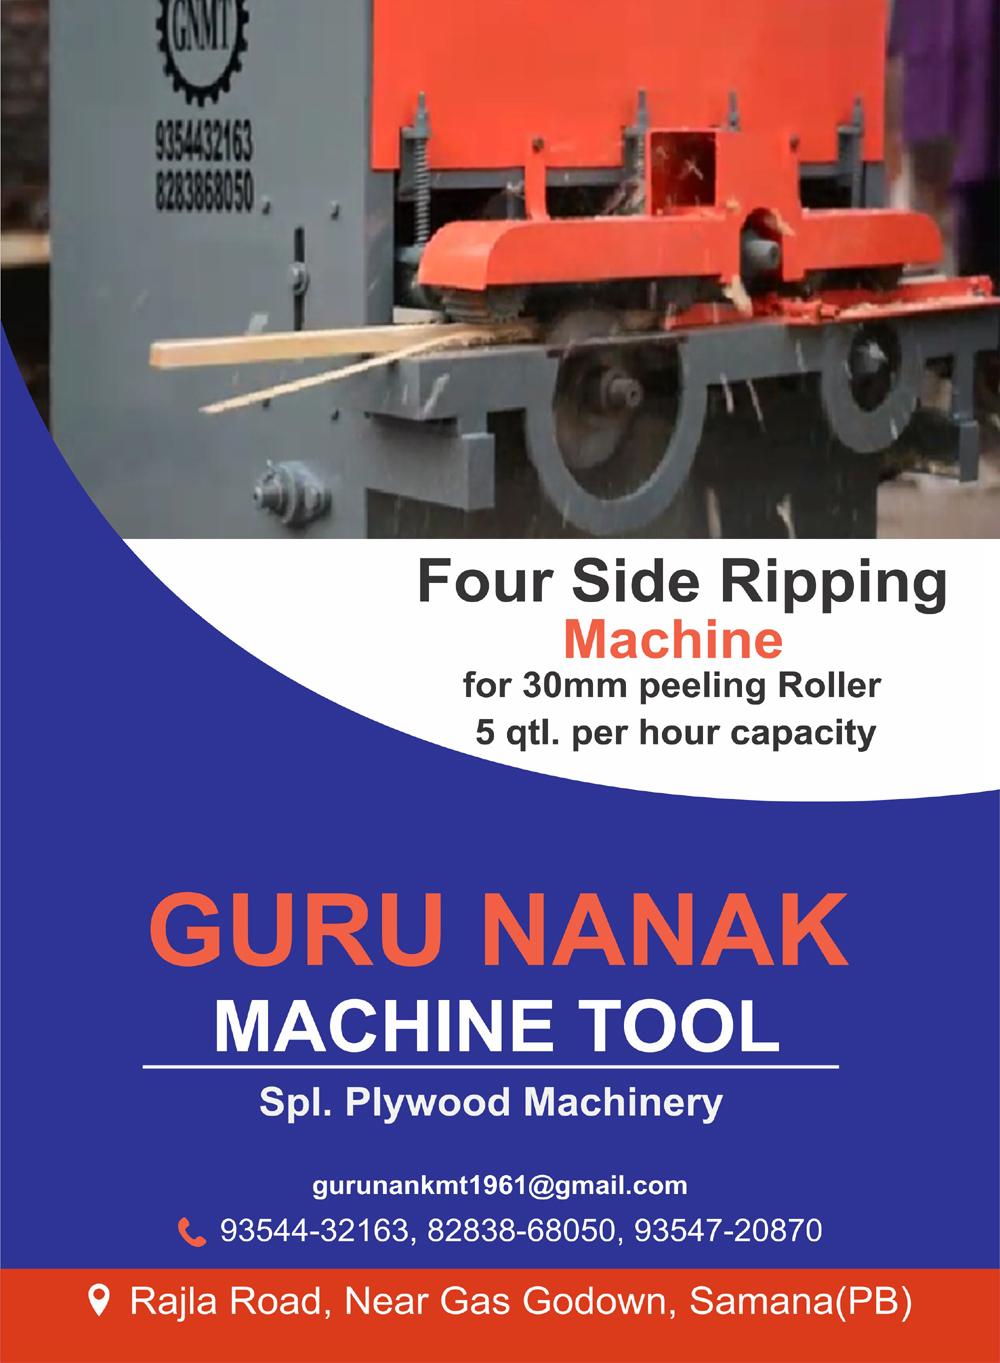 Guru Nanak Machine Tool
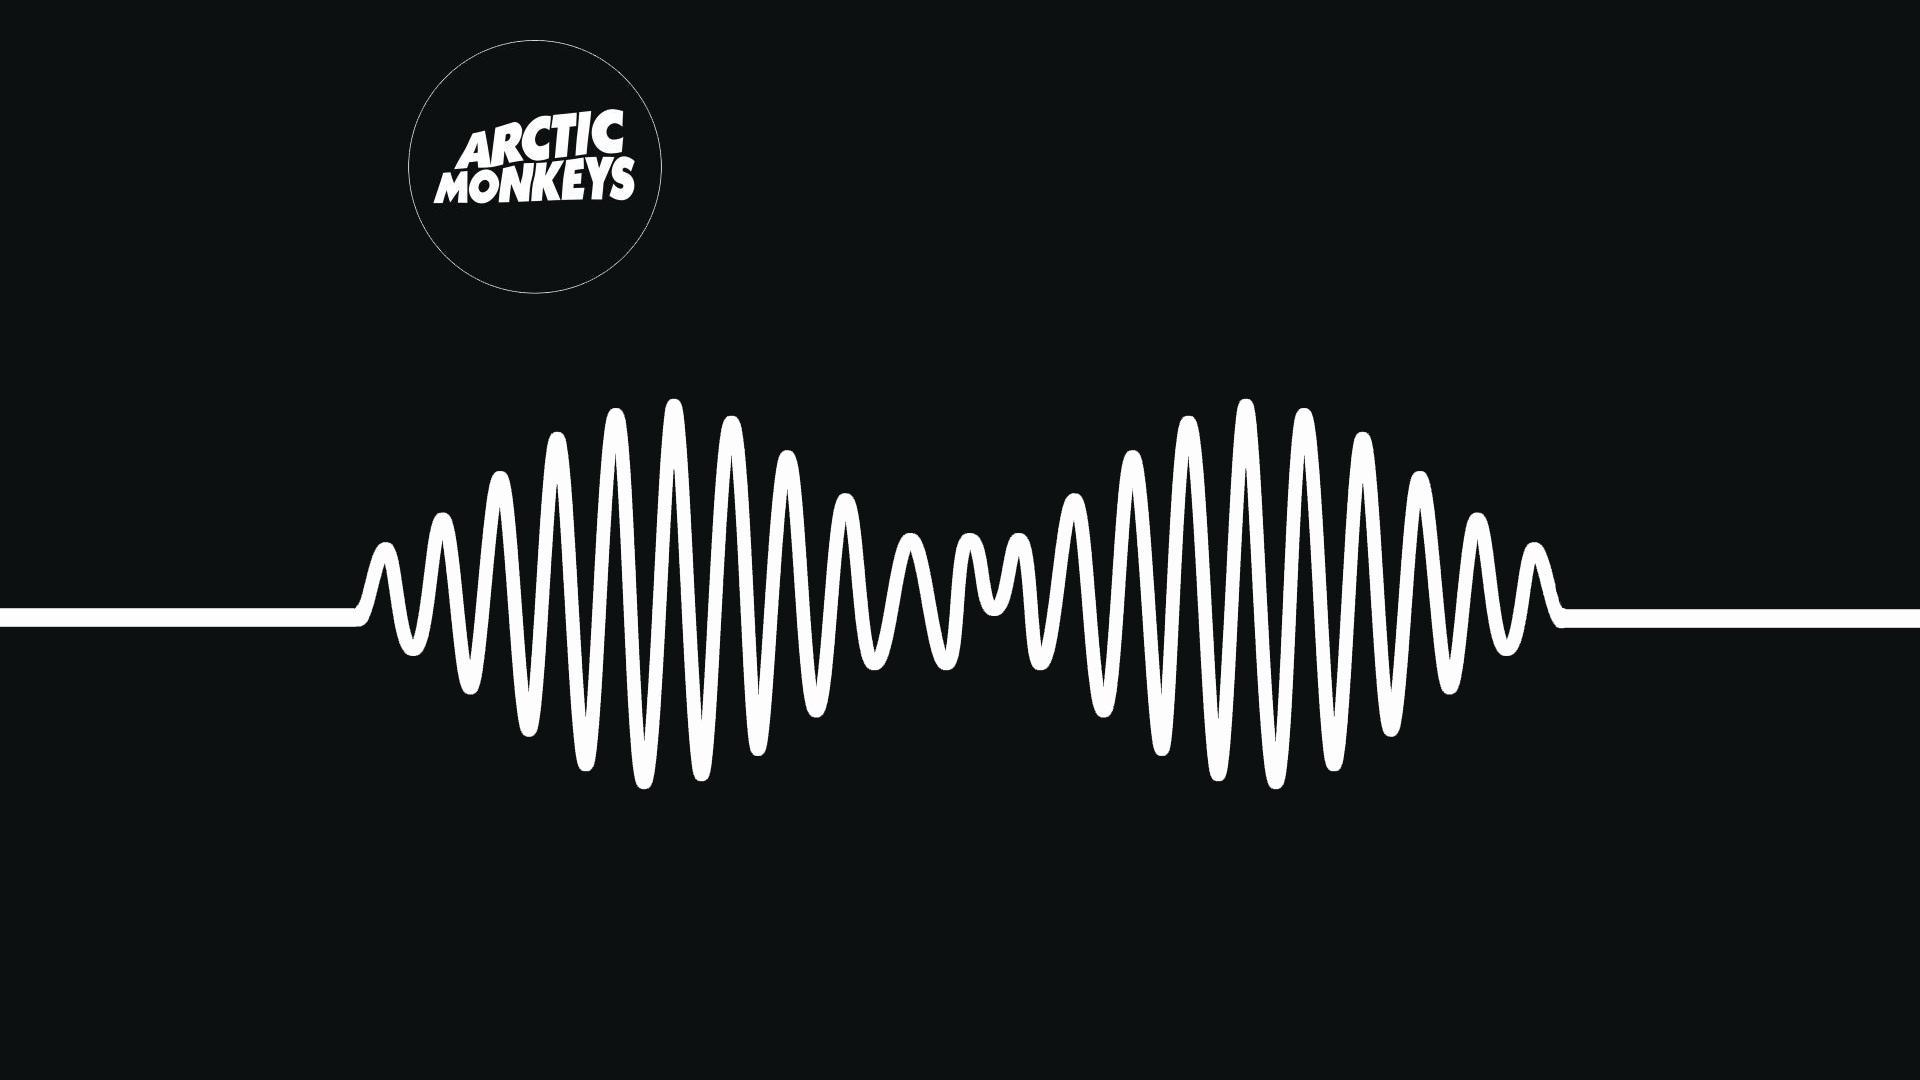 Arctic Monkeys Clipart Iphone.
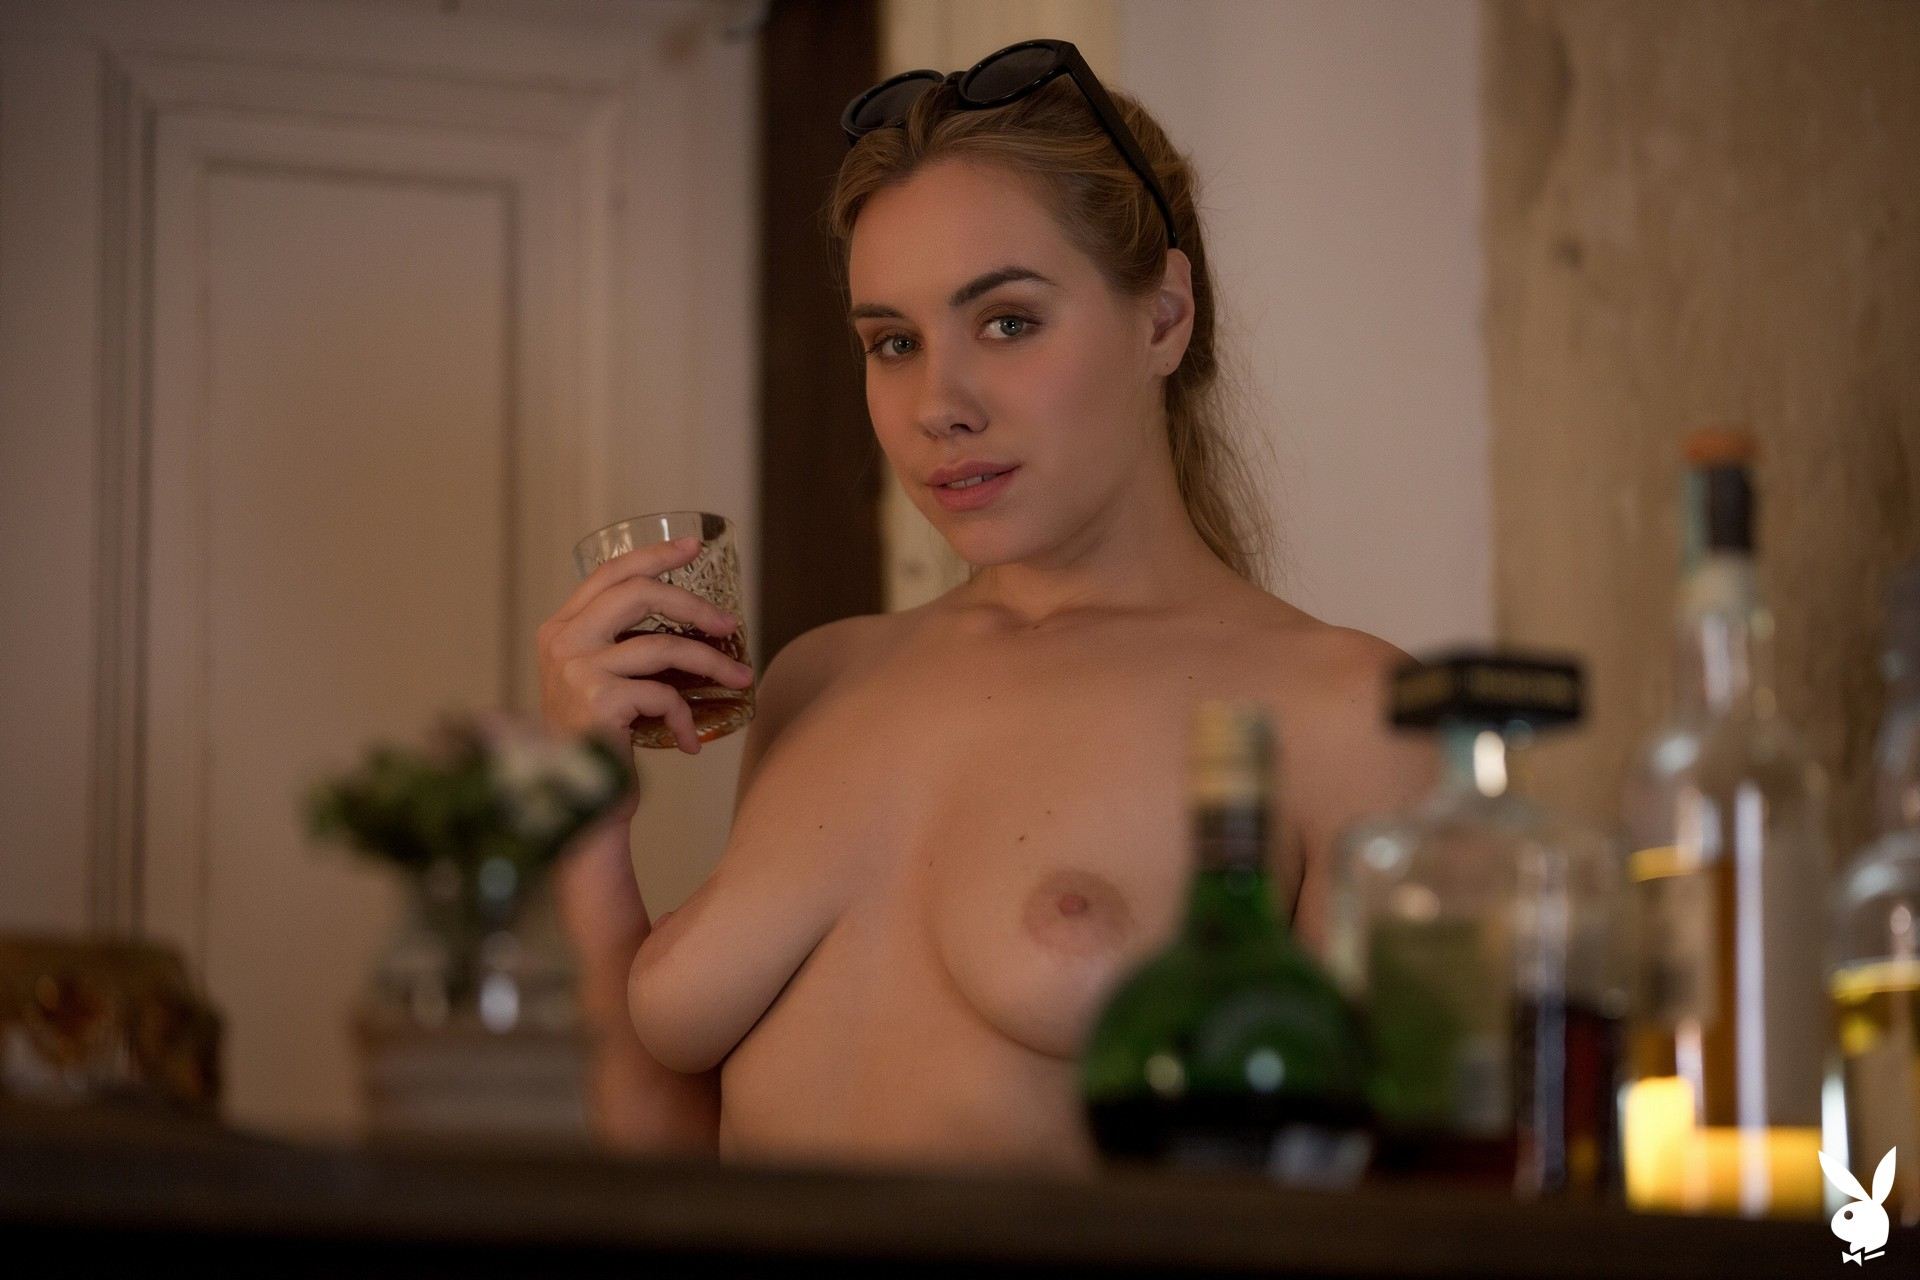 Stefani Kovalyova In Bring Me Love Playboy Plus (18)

▶ [EXERCISE GOAL]:
Leave the images out as you retype each line of the material exactly.

▶ [TASK RESPONSE]:
 Guru Nanak Machine Tool
 Arctic Monkeys Clipart Iphone.
 Stefani Kovalyova In Bring Me Love Playboy Plus (18)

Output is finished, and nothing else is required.